Thinking about Excel ... (apart from just loading in a flash) ... it would also benifit from a ssd. For sure, it would not give any benefit to simply entering data but as soon as you actually used the data … the benefit would be noticed. For excel to do anything … it has to load the appropriate module to do the task (even something as simple as a graph)… again this is something a ssd speeds up hugely. So this quote from somewhere?:
“Office work usually (depending on what you do and what software you use) needs a moderate to high amount of memory, moderate CPU, and fast sequential and random access reads on your disk (SSDs, even cheap ones, are typically excellent at this). The most important "feature" of office programs is that they are ugly fat pigs which are already heavy on their own, and load a lot of small plugins, addons, templates, and whatnot all the time. Loading can literally take minutes if your disk drive can't cope. Write speed usually does not matter at all. You don't save once every two seconds, and it is usually a very quick process, too.

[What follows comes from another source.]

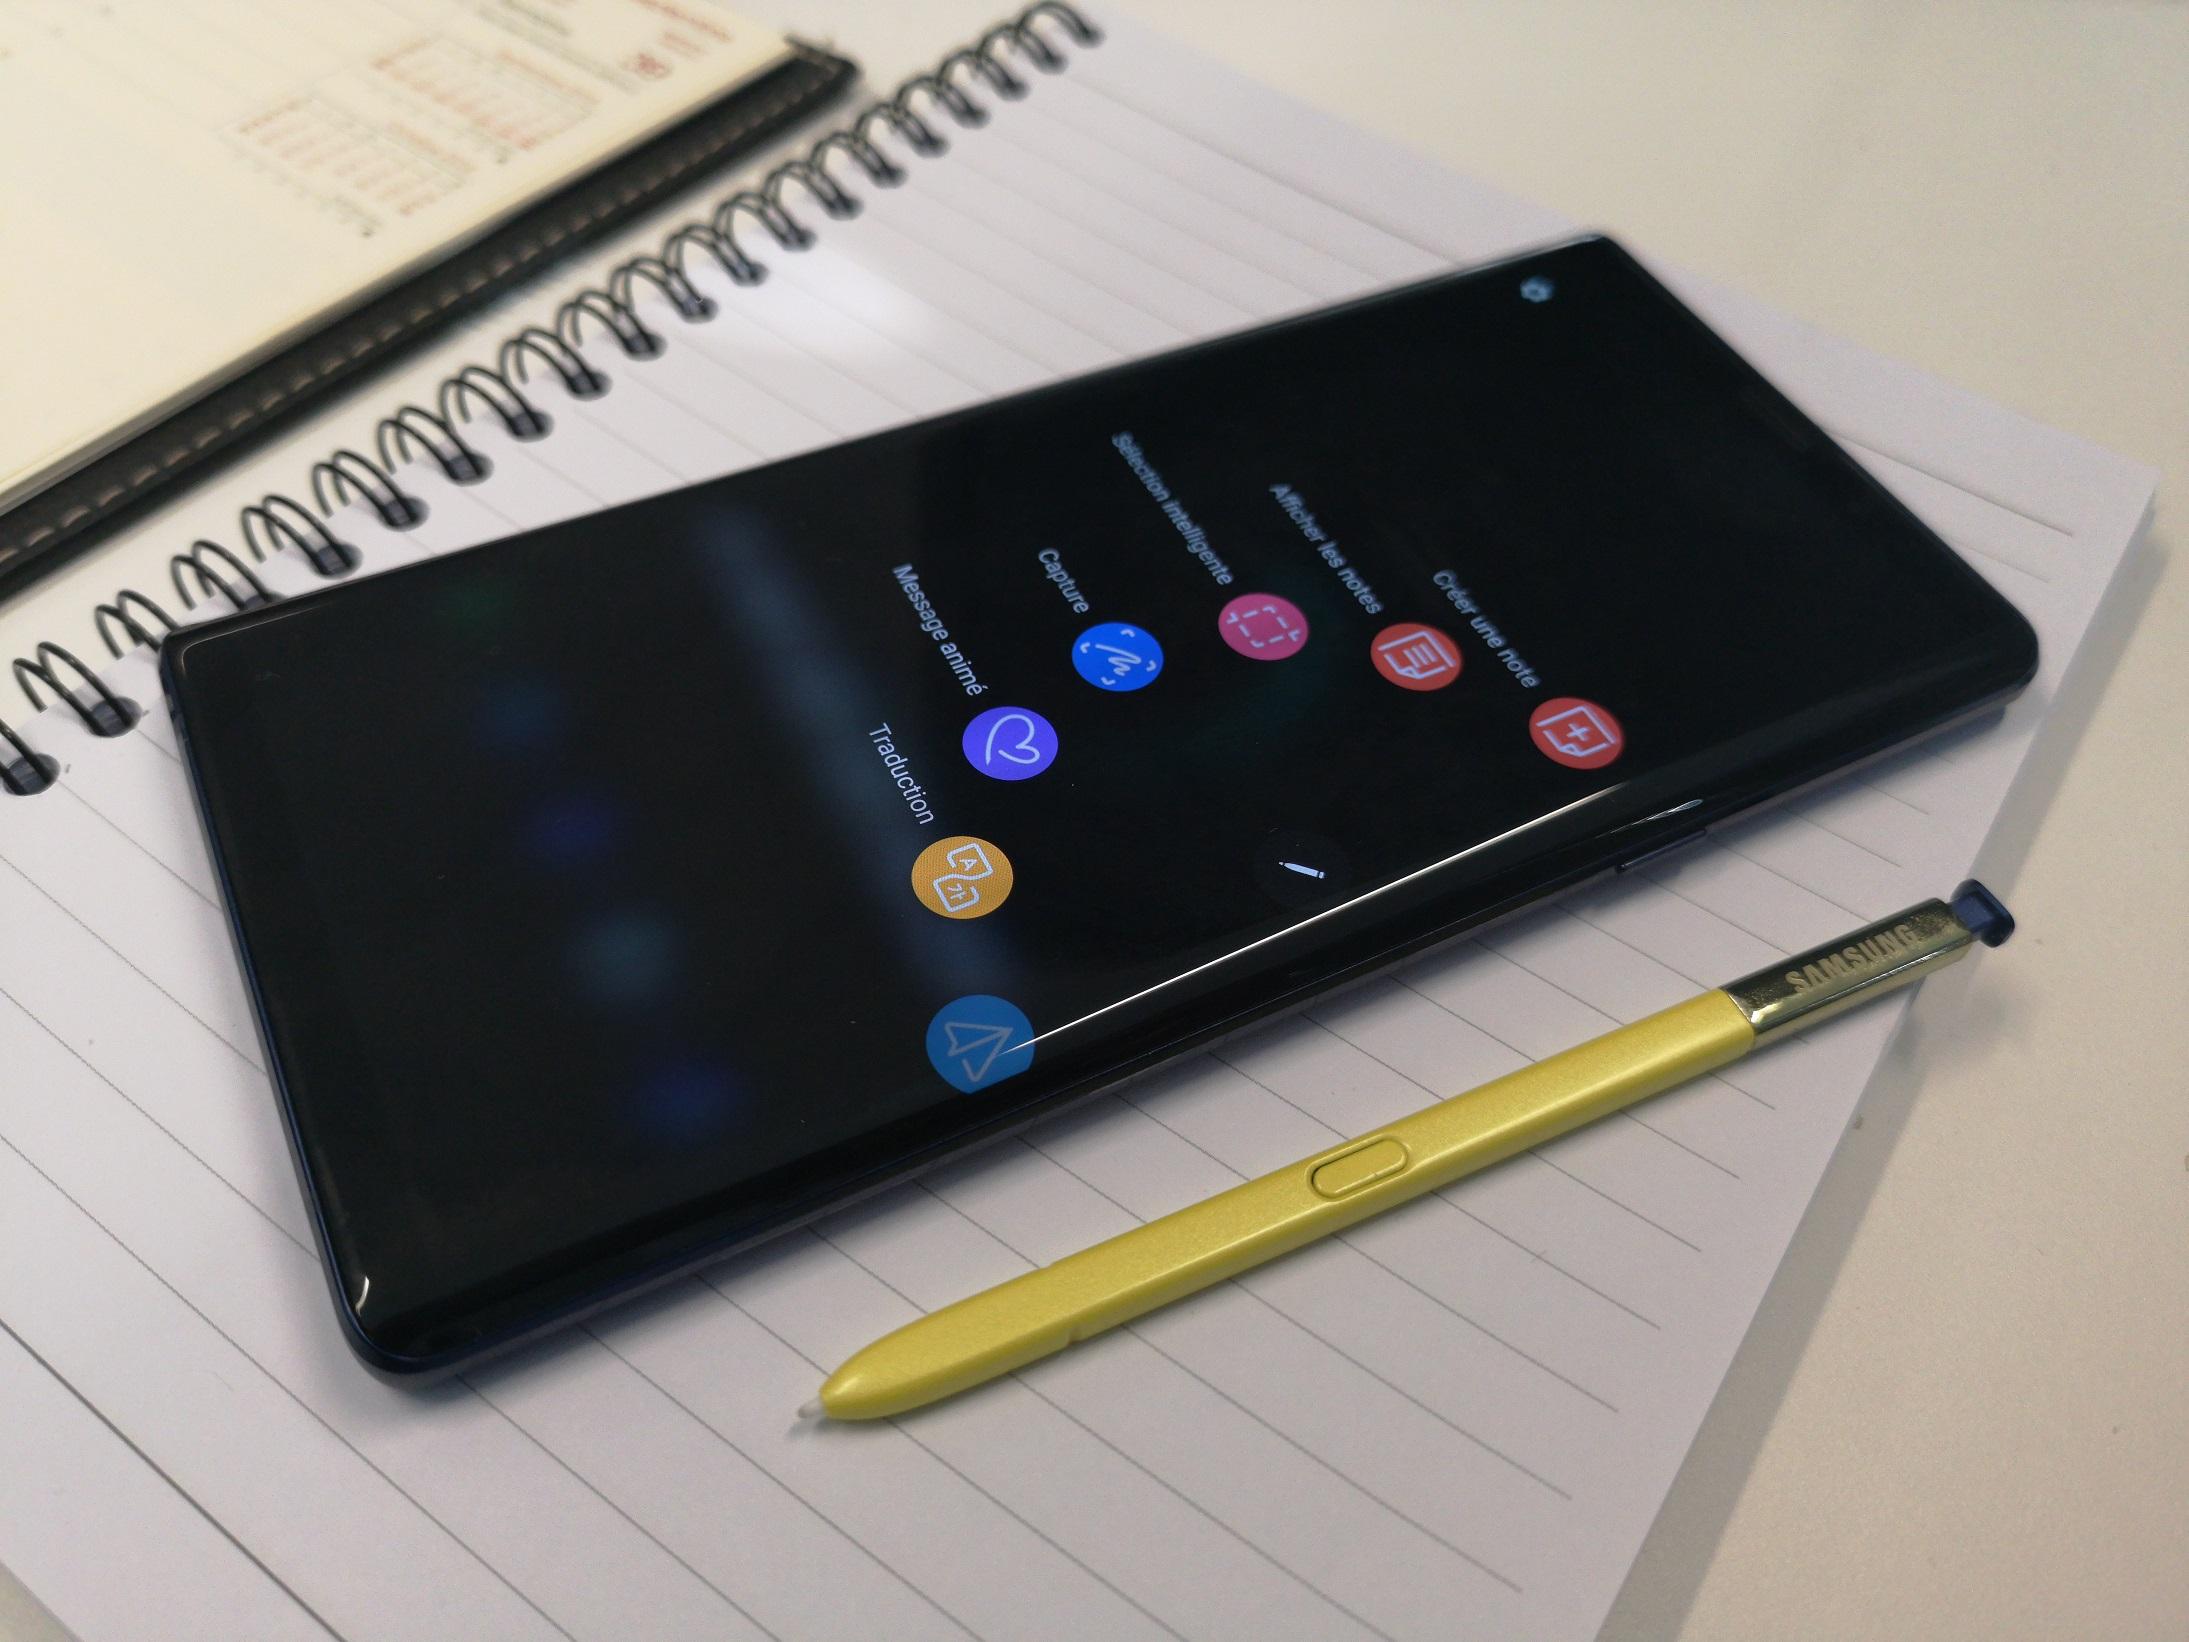 Test Samsung Galaxy Note 9 - [ TEST ] Samsung Galaxy Note 9 : c'est cher mais qu'est-ce que c'est bon !

→ SSD model definitively preferrable.”
And this quote from ‘Office Watch’:
"For Word, Excel and PowerPoint we definitely noticed a vast speed up in Windows Explorer display including Open and Save dialogs in Office. Instead of waiting for files and folders to appear, a file list appears in a flash – just like it’s supposed to . Navigating around folders is much faster and easier. This SSD advantage is worth the extra price in our view.
Of course there are also the general advantages of a Solid State Drive. Windows startup is faster and transition to/from hibernation or sleep modes is a lot faster with SSD.”